## WHAT YOU NEED TO DO
Write out exactly every line from the one containing "60'S Voil Woven Fabric-Cinnabar" through the final line of the material below, both included. Pictures are to be skipped.

## RECORDED INFORMATION
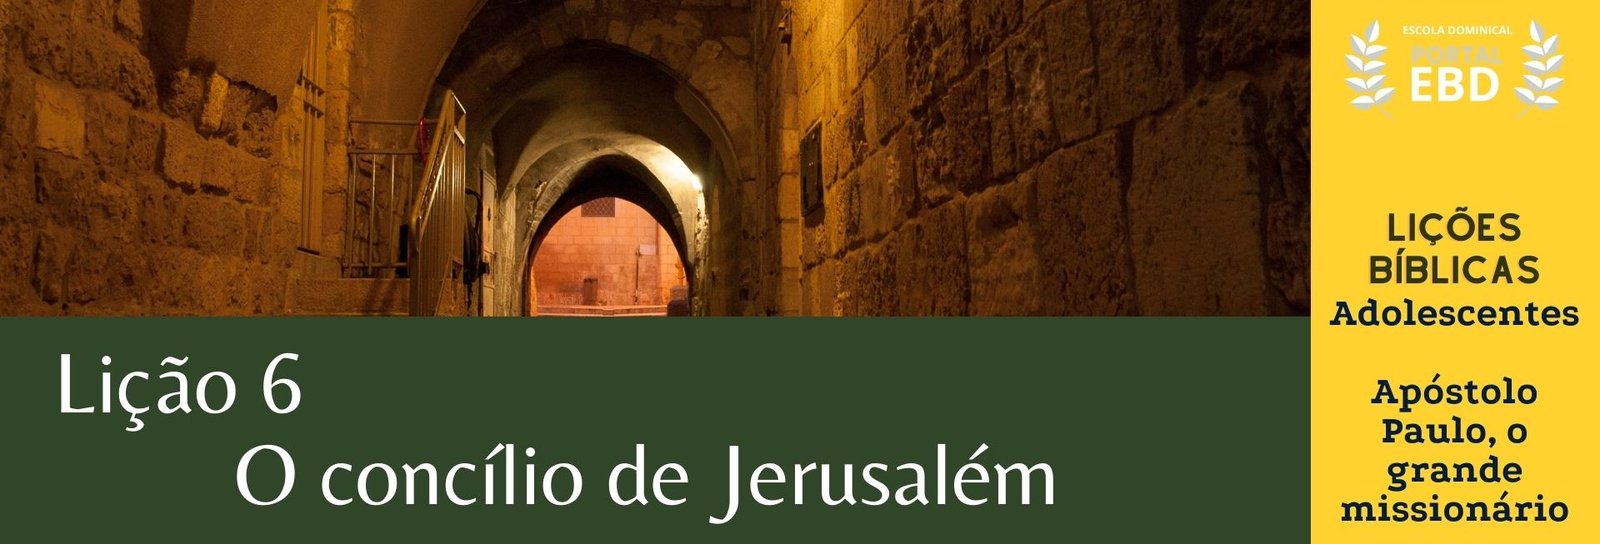 Lição 6 - O concílio de Jerusalém - SLIDES E VIDEOAULAS 
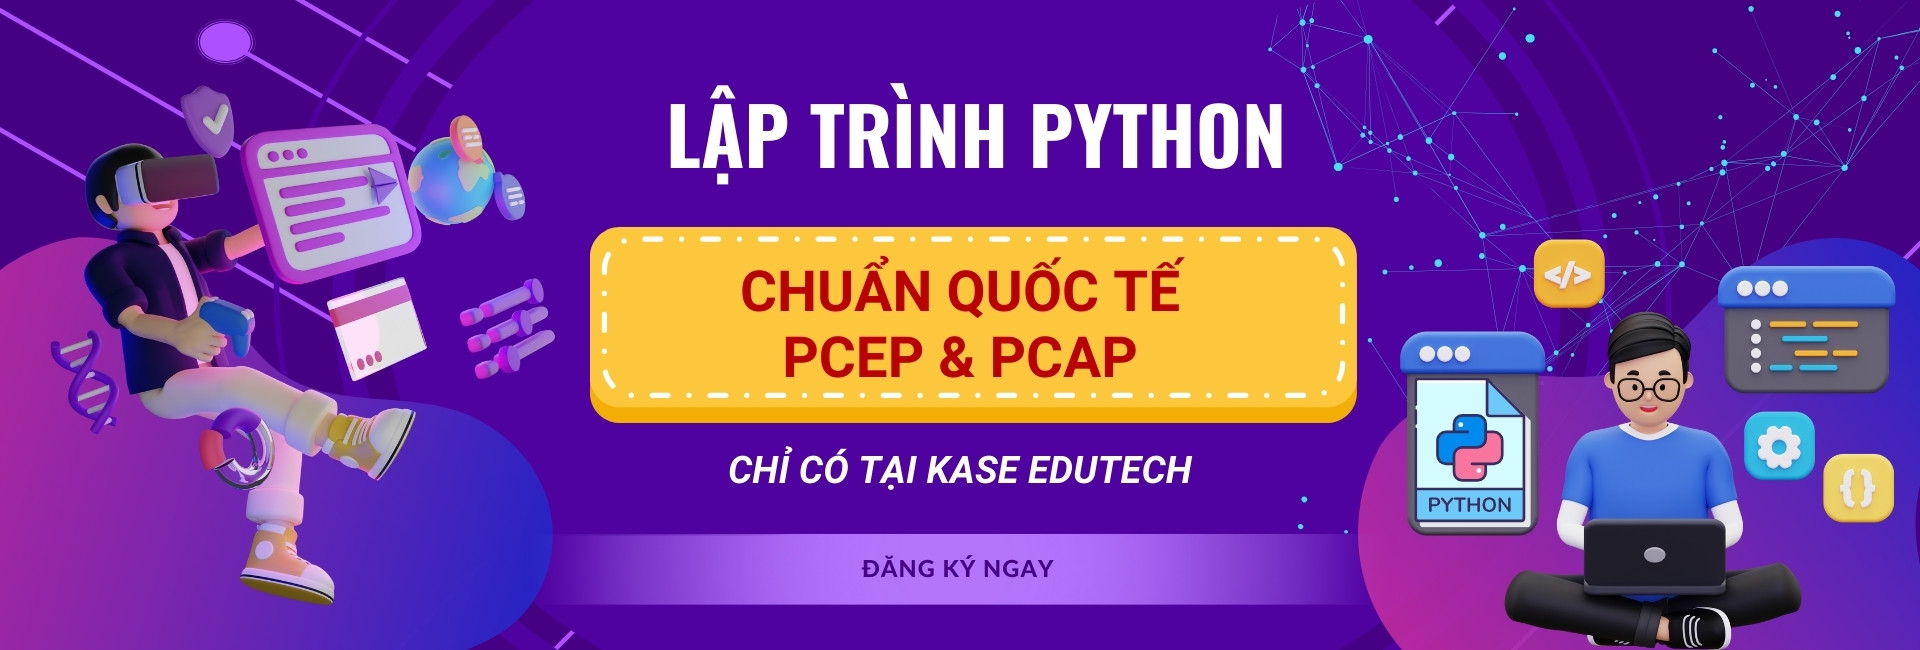 khóa học lập trình python quốc tế pcep & pcap
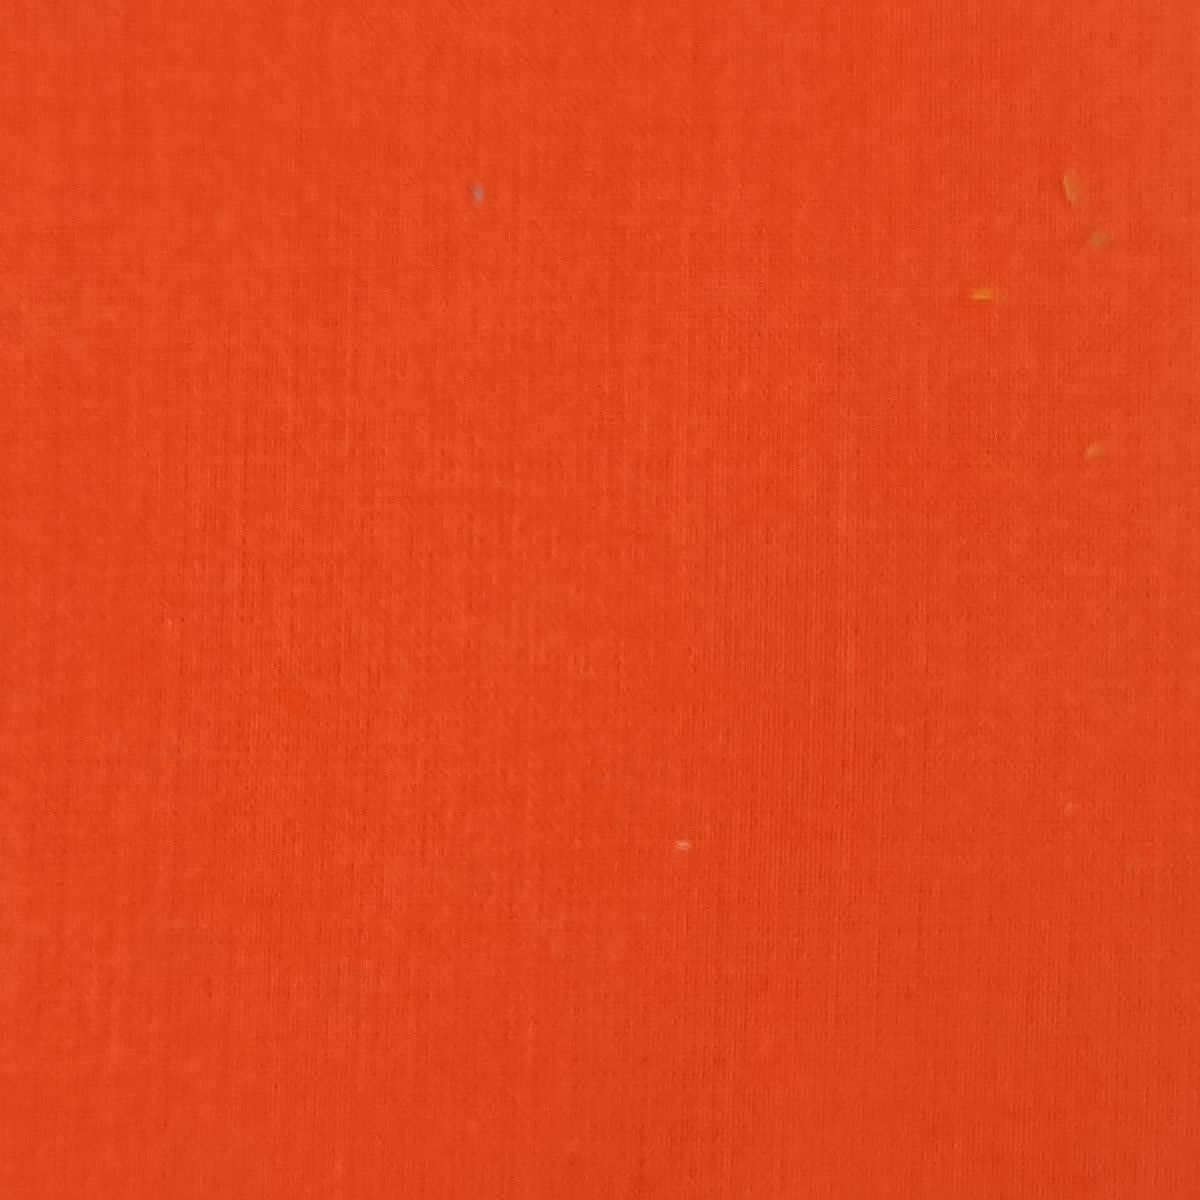 60'S Voil Woven Fabric-Cinnabar
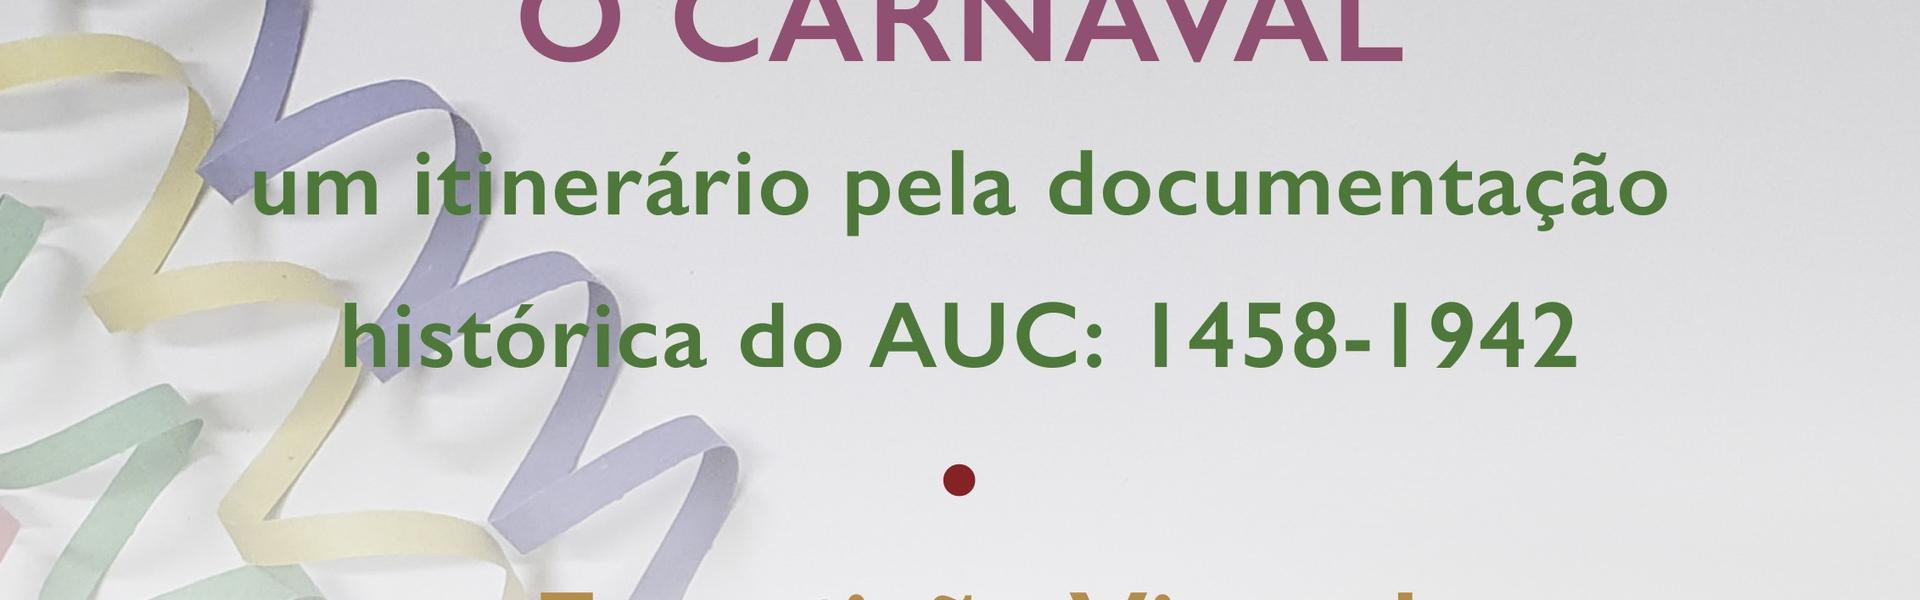 O Carnaval: um itinerário pela documentação histórica do AUC (1458-1942)

## ANSWER SPACE
 60'S Voil Woven Fabric-Cinnabar
 O Carnaval: um itinerário pela documentação histórica do AUC (1458-1942)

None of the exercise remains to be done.